KubeVirt->>apiserver: createPod(name=podName, ipam-claims=...)
apiserver-->>KubeVirt: OK
apiserver->>OVN-Kubernetes: reconcilePod(podKey=...)
OVN-Kubernetes->>OVN-Kubernetes: ipamClaim := readIPAMClaim(claimName)
OVN-Kubernetes->>OVN-Kubernetes: allocatePodIPs(ipamClaim.Status.IPs)
Managing the life-cycle of the IPAMClaim
s objects is the responsibility of the
client application that created them in the first place. In this case, KubeVirt.
This feature is described in detail in the following KubeVirt design proposal.
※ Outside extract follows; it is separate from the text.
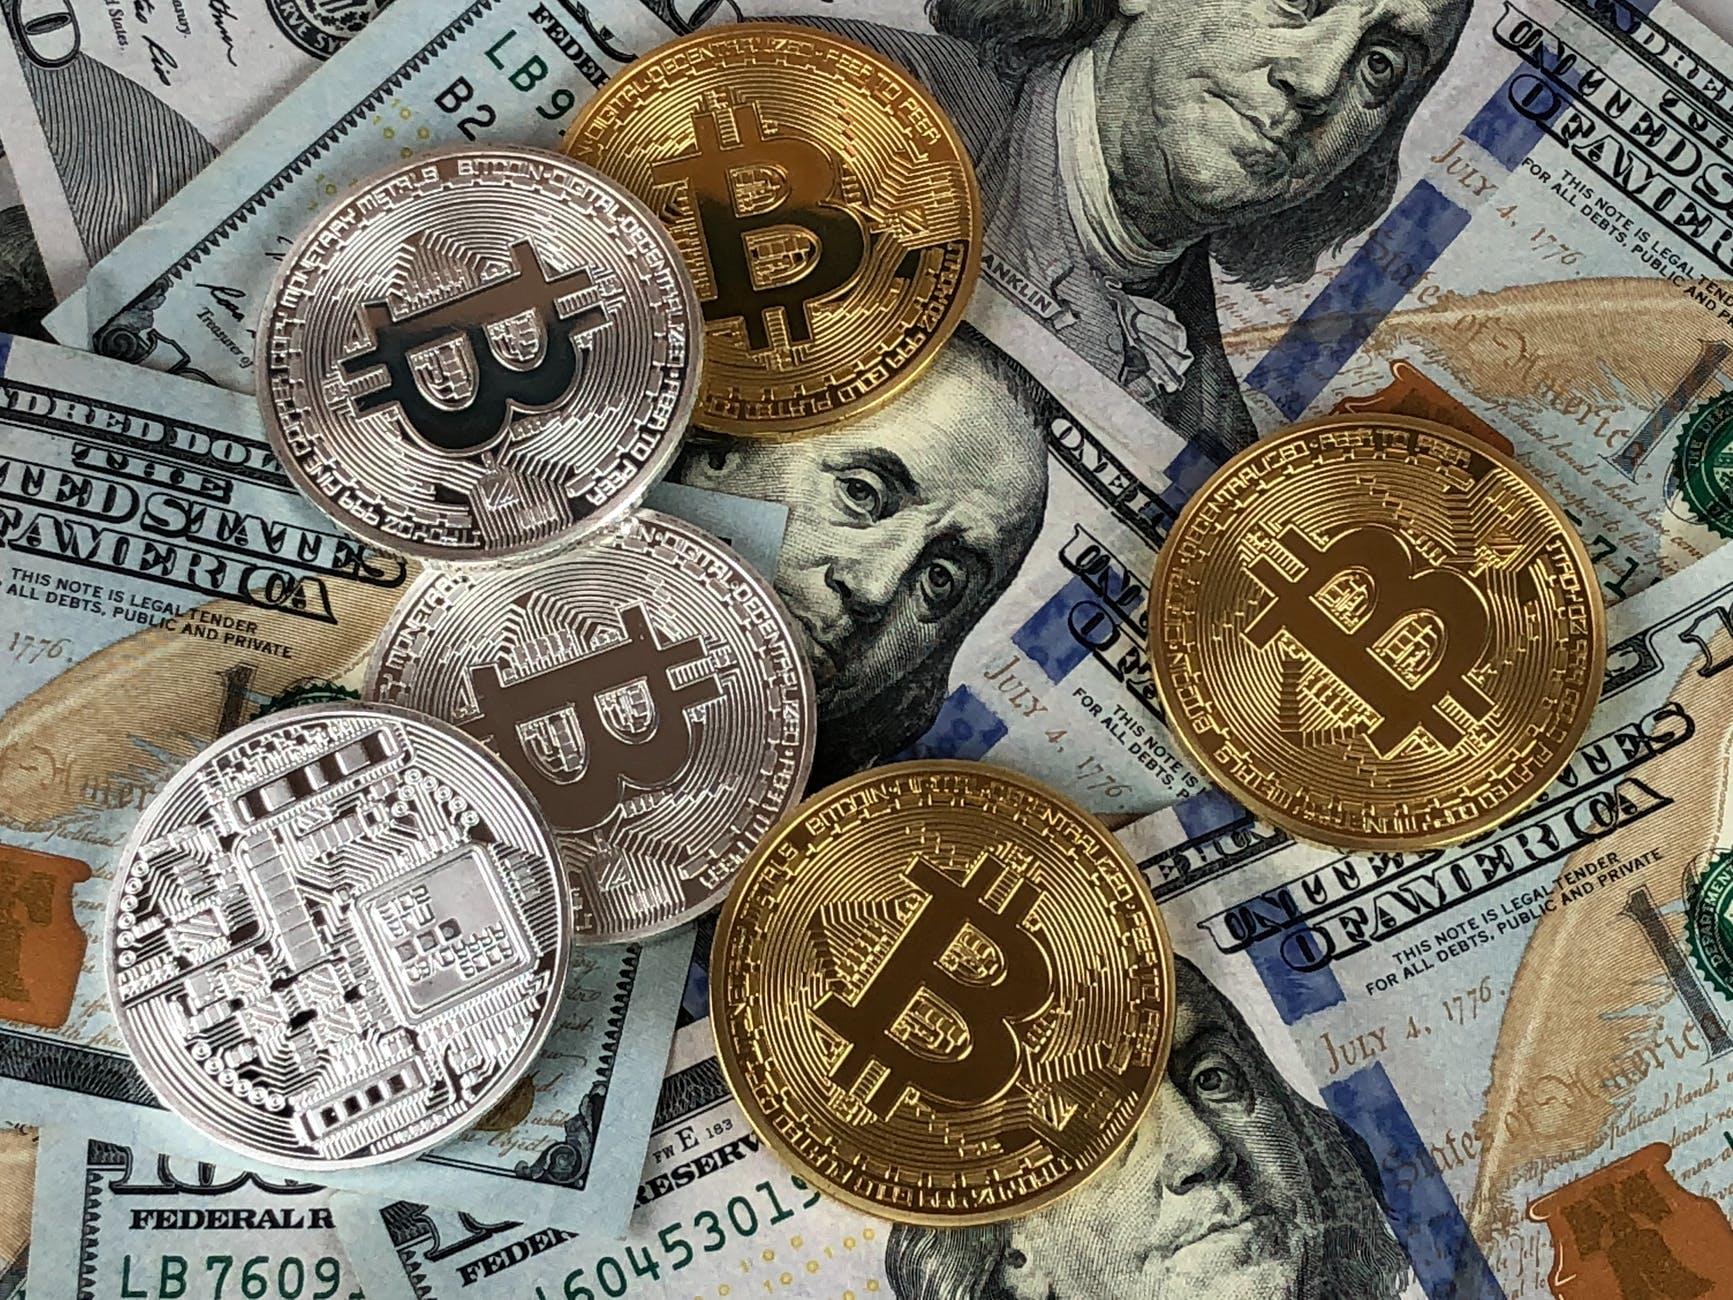 SEC reiterates futures bitcoin ETFs

IPv4 and IPv6 dynamic configuration for virtualization workloads on L2 primary UDN¶
For virtualization workloads using a primary UDN with layer2 topology ovn-k configure some DHCP and NDP flows to server ipv4 and ipv6 configuration for them.
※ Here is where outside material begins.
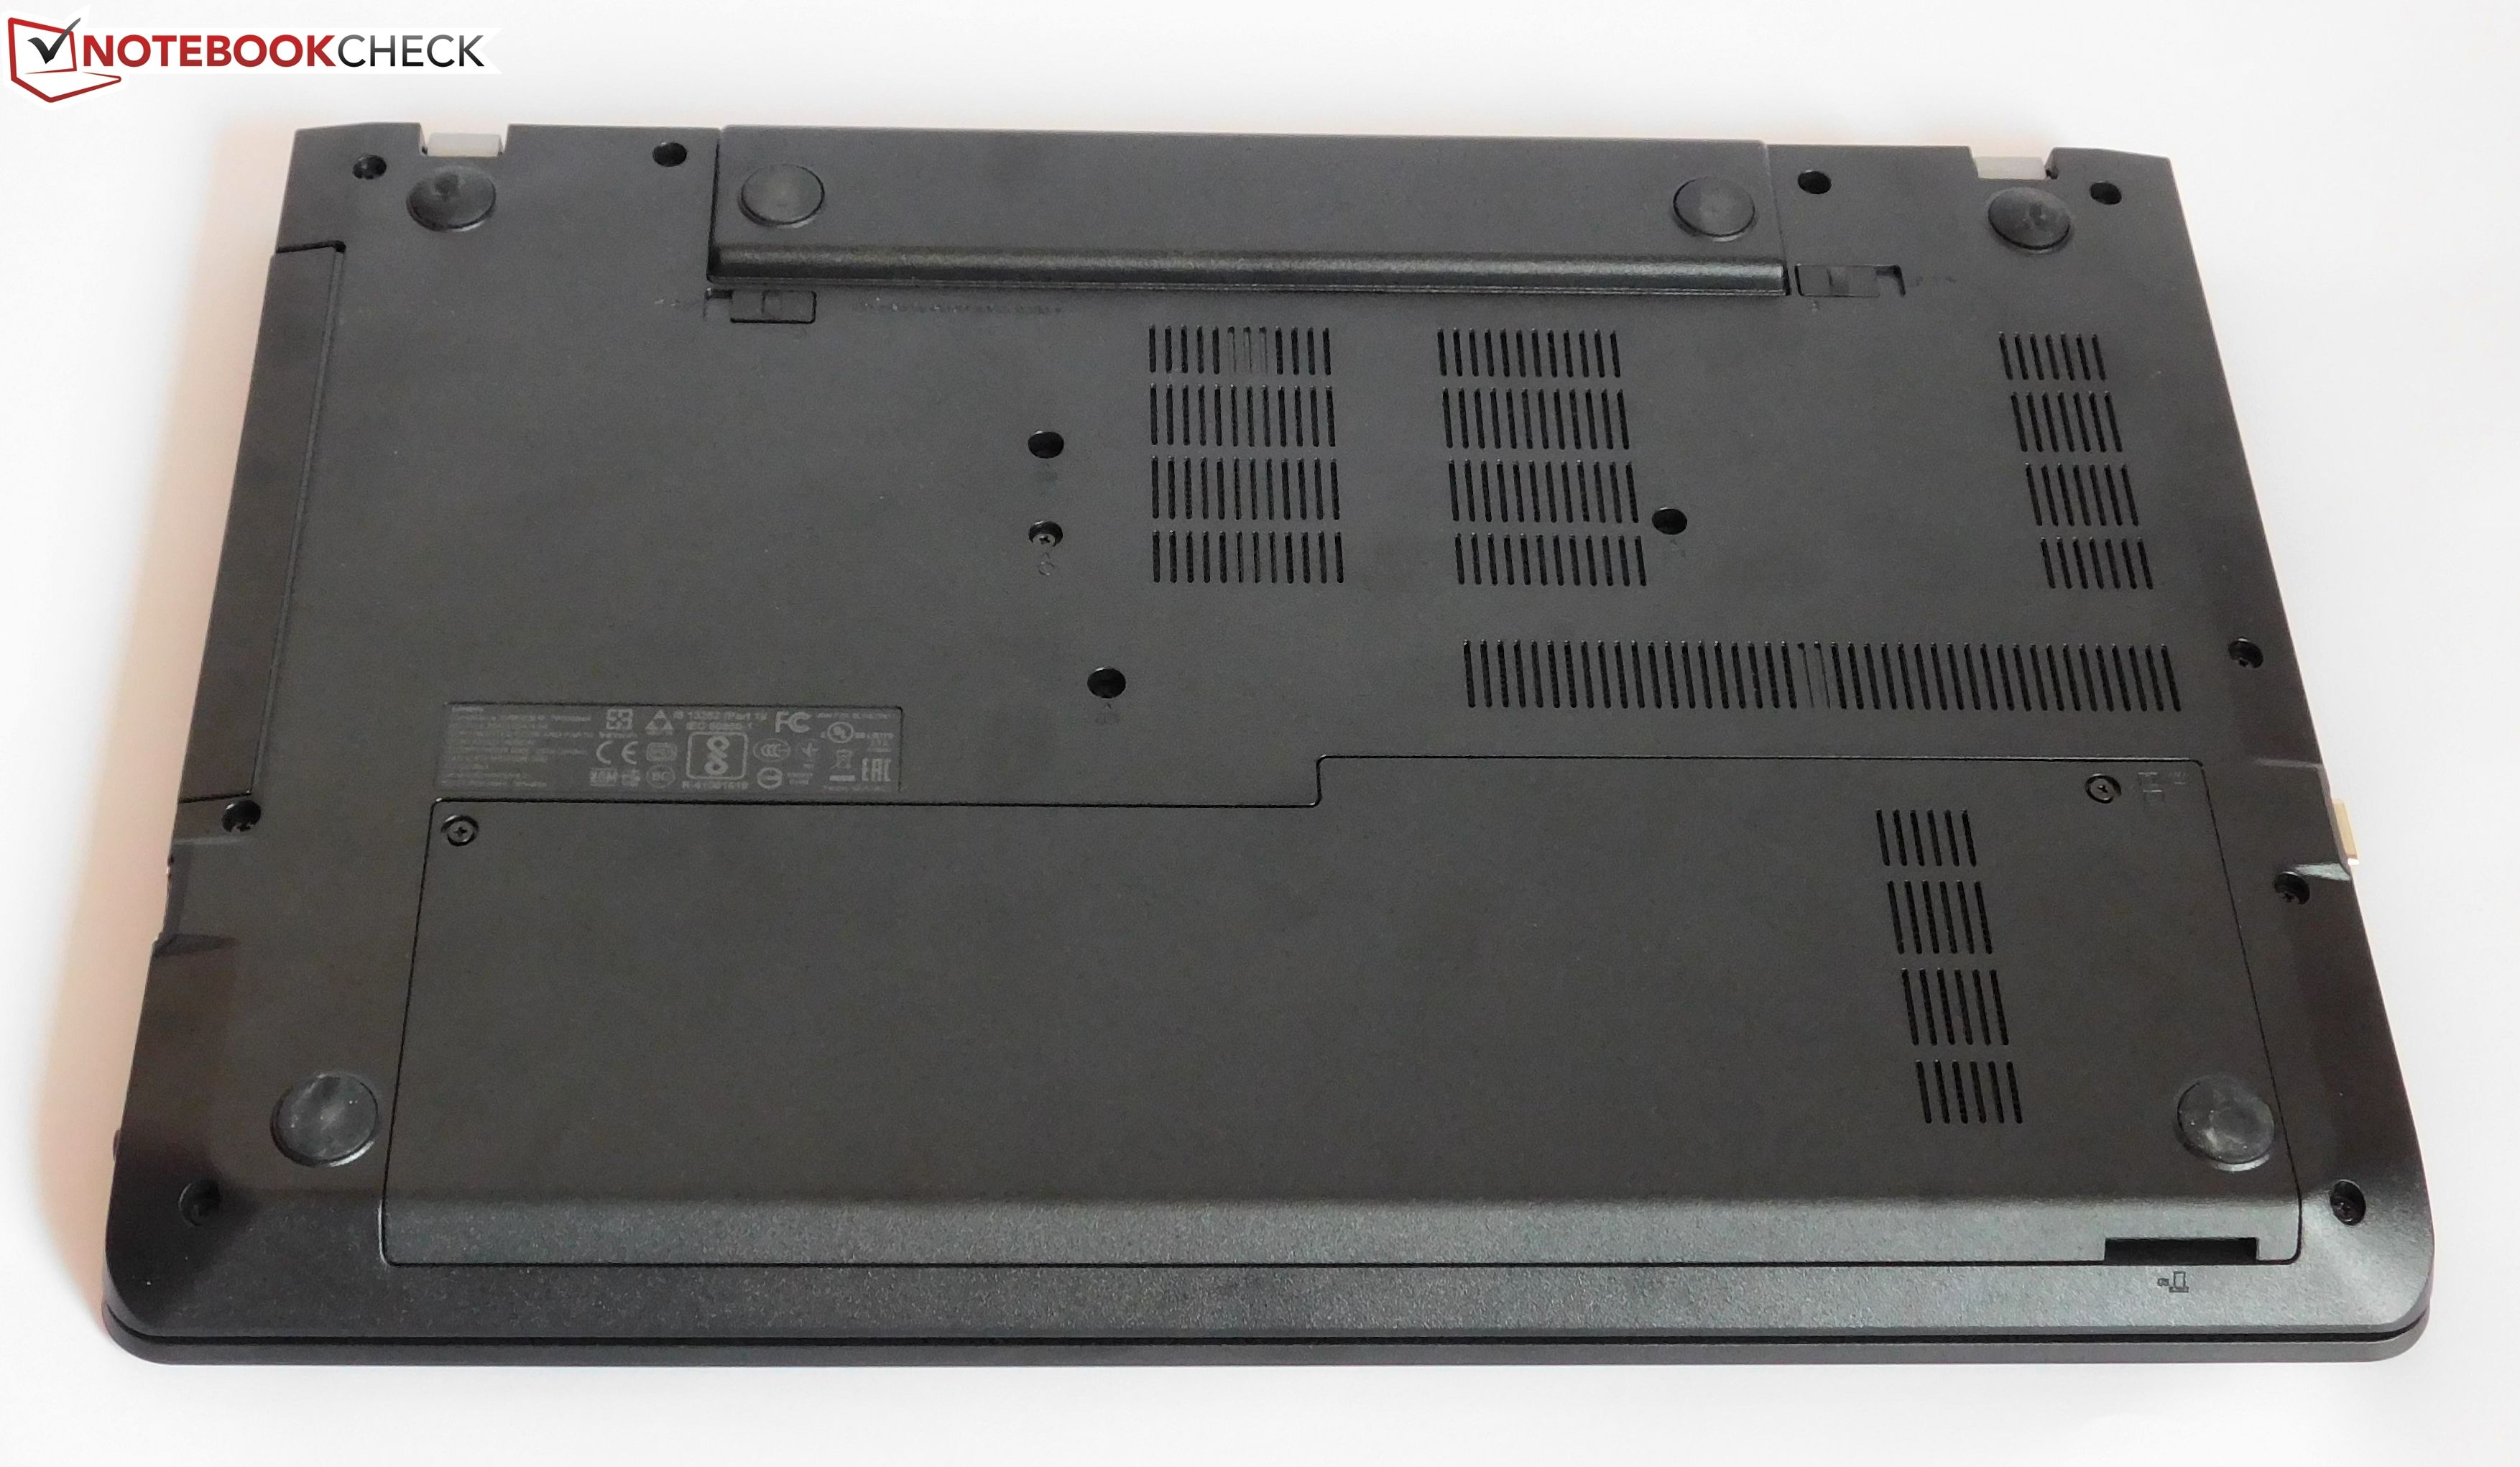 Lenovo ThinkPad E570 (Core i5, GTX 950M) Notebook Review

For both ipv4 and ipv6 the following parameters are configured using DHCP or RAs: - address - gateway - dns (read notes below) - hostname (vm's name) - mtu (taken from network attachment definition)
Configuring dns server¶
By default the DHCP server at ovn-kuberntes will configure the kubernetes
default dns service kube-system/kube-dns
as the name server. This can be
overridden with the following command line options:
- dns-service-namespace
- dns-service-name
Limitations¶
OVN-K currently does not support:
- the same attachment configured multiple times in the same pod - i.e.
k8s.v1.cni.cncf.io/networks: l3-network,l3-network
is invalid.
- updates to the network selection elements lists - i.e. k8s.v1.cni.cncf.io/networks
annotation
- IPv6 link local addresses not derived from the MAC address as described in RFC 2373, like Privacy Extensions defined by RFC 4941,
or the Opaque Identifier generation methods defined in RFC 7217.